*SUPPLIED INFORMATION*.
= = = = = = =

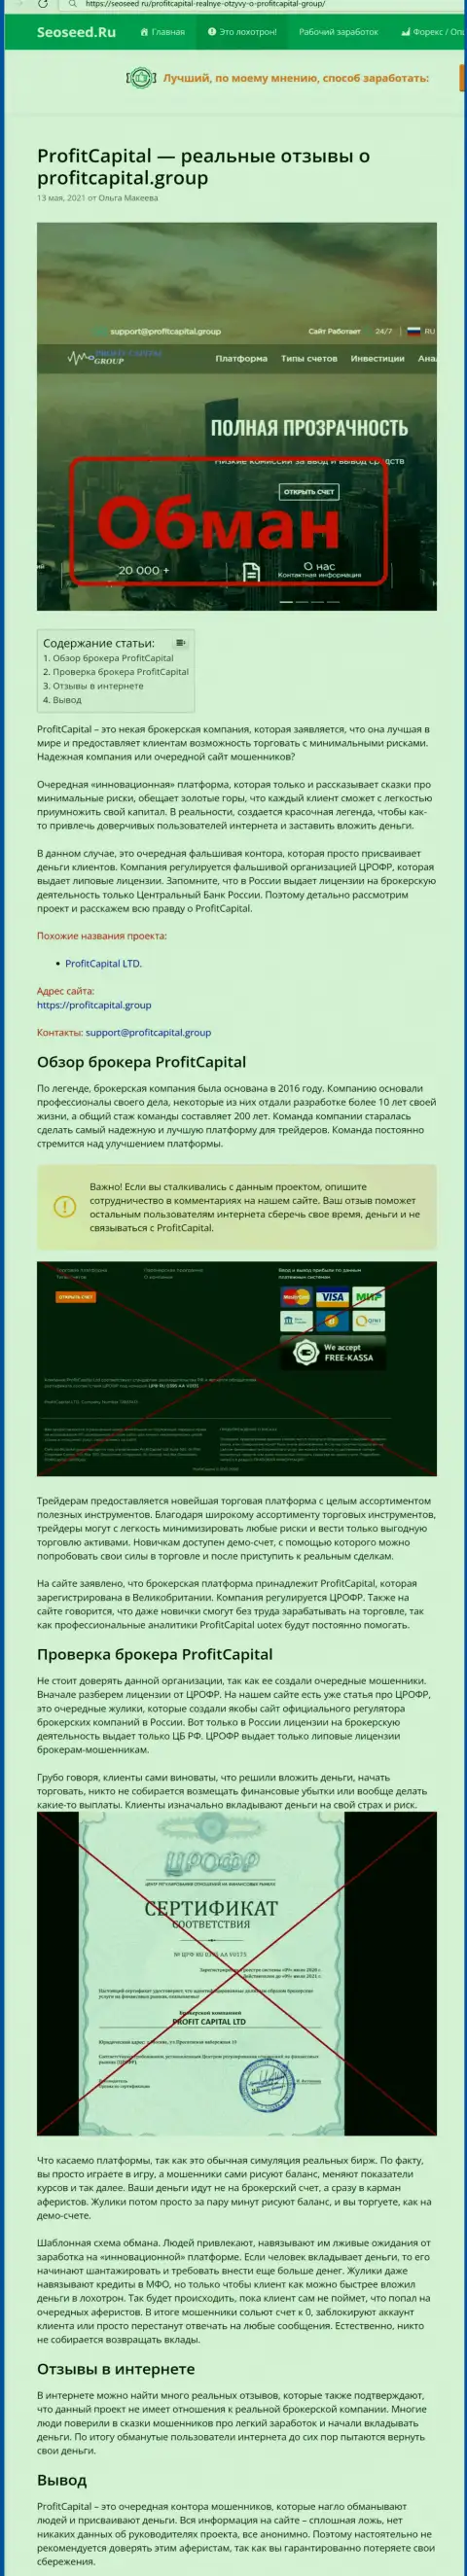 Profit Capital Group ОБВОРОВЫВАЮТ !!! Факты незаконных деяний
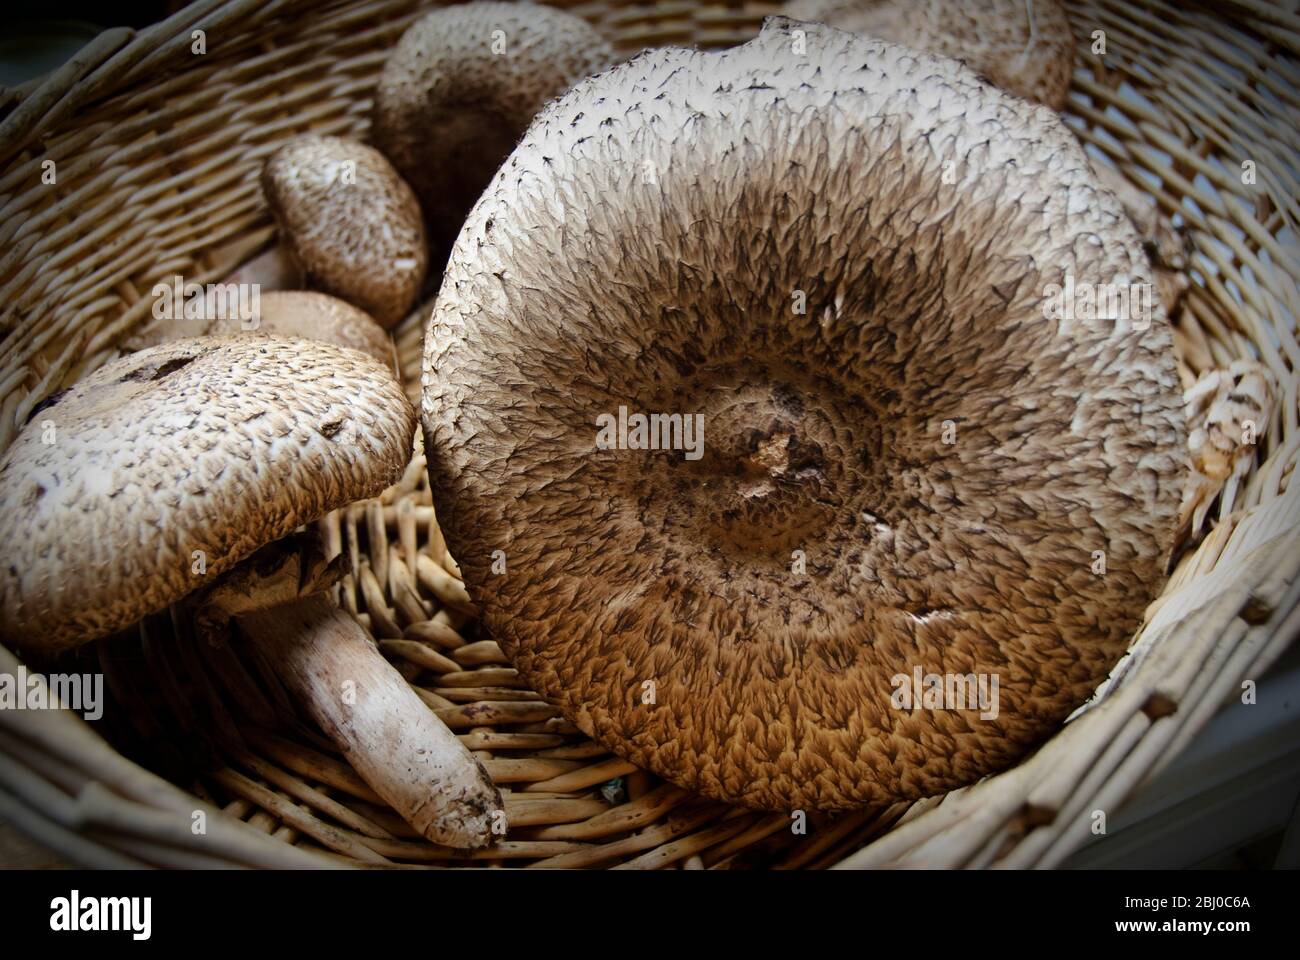 Agaricus augustus, di recente raccolta, conosciuto anche come "il Principe", un fungo del genere Agaricus in un cesto di vimini. - Foto Stock
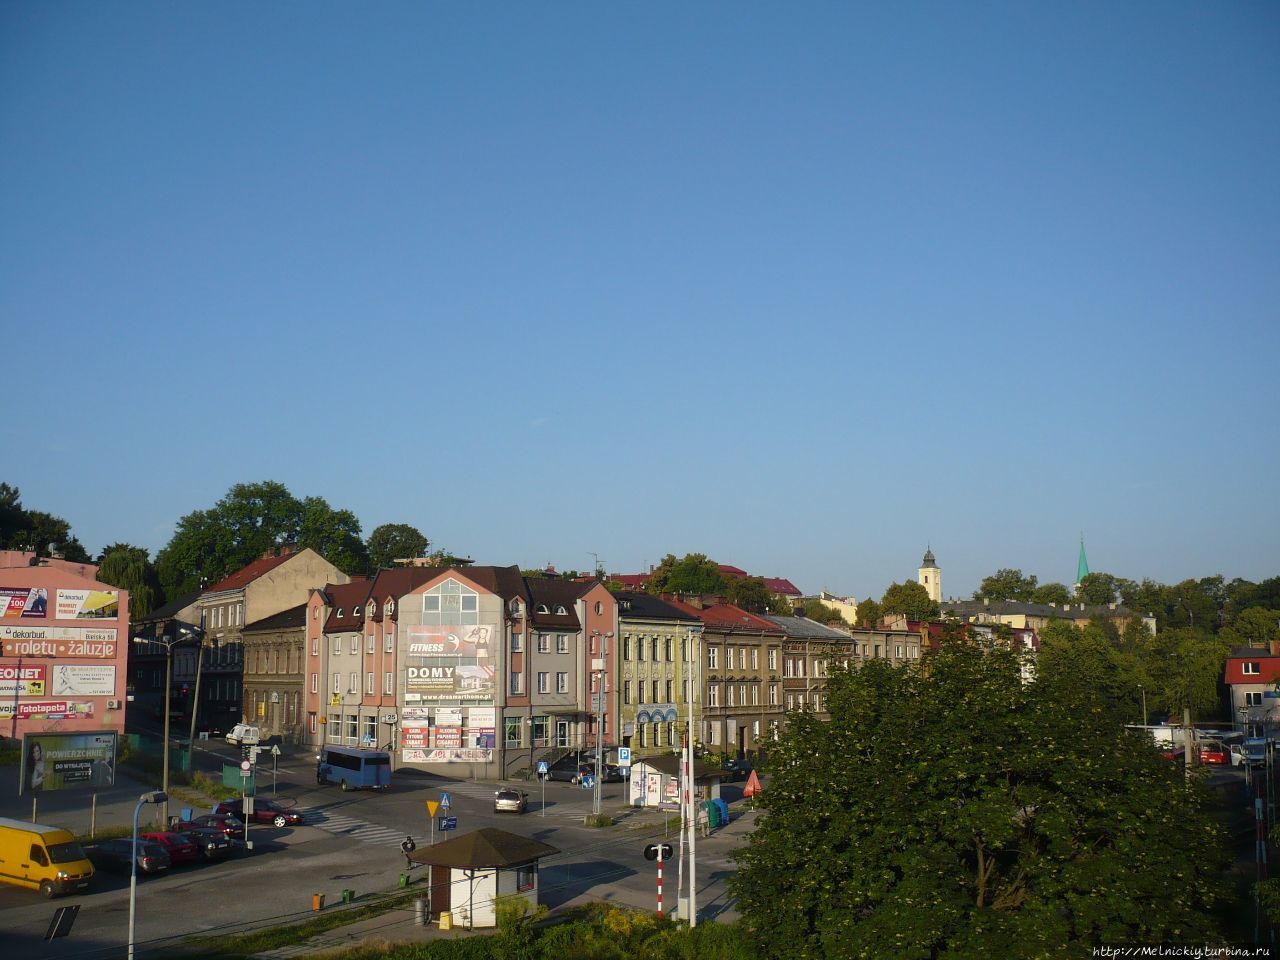 Несколько фото пограничного городка Цешин, Польша
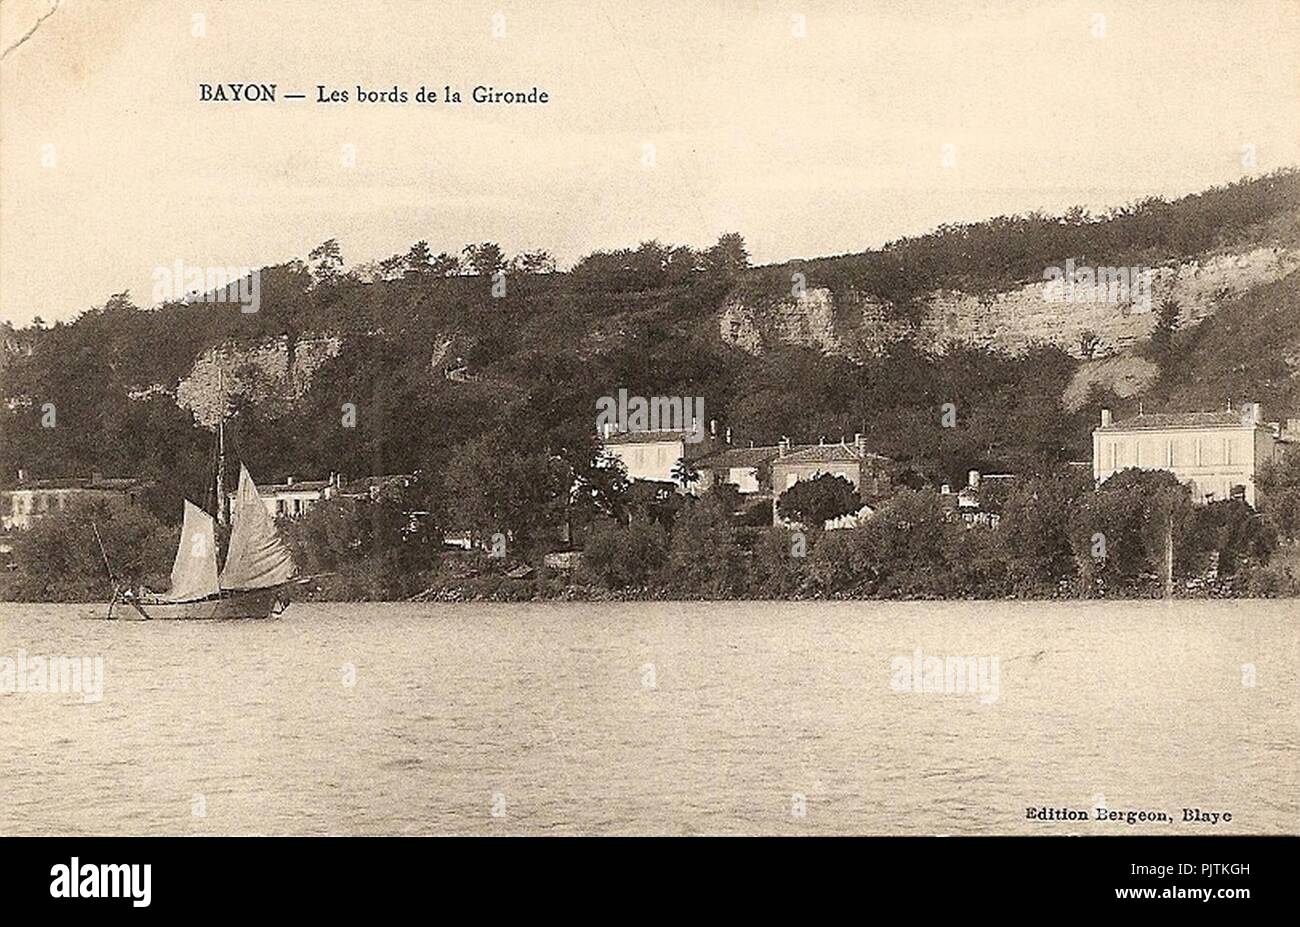 Bayon - Bords de la Gironde. Foto Stock

= = = = = = =

*INSTRUCTIONS FOR THE TASK*. Reproduce exactly, and only, the lines from the one with "Несколько фото пограничного" to the final line of the listing above; the pictures are to be left out.

*WORKED SOLUTION*.
 Несколько фото пограничного городка Цешин, Польша
 Bayon - Bords de la Gironde. Foto Stock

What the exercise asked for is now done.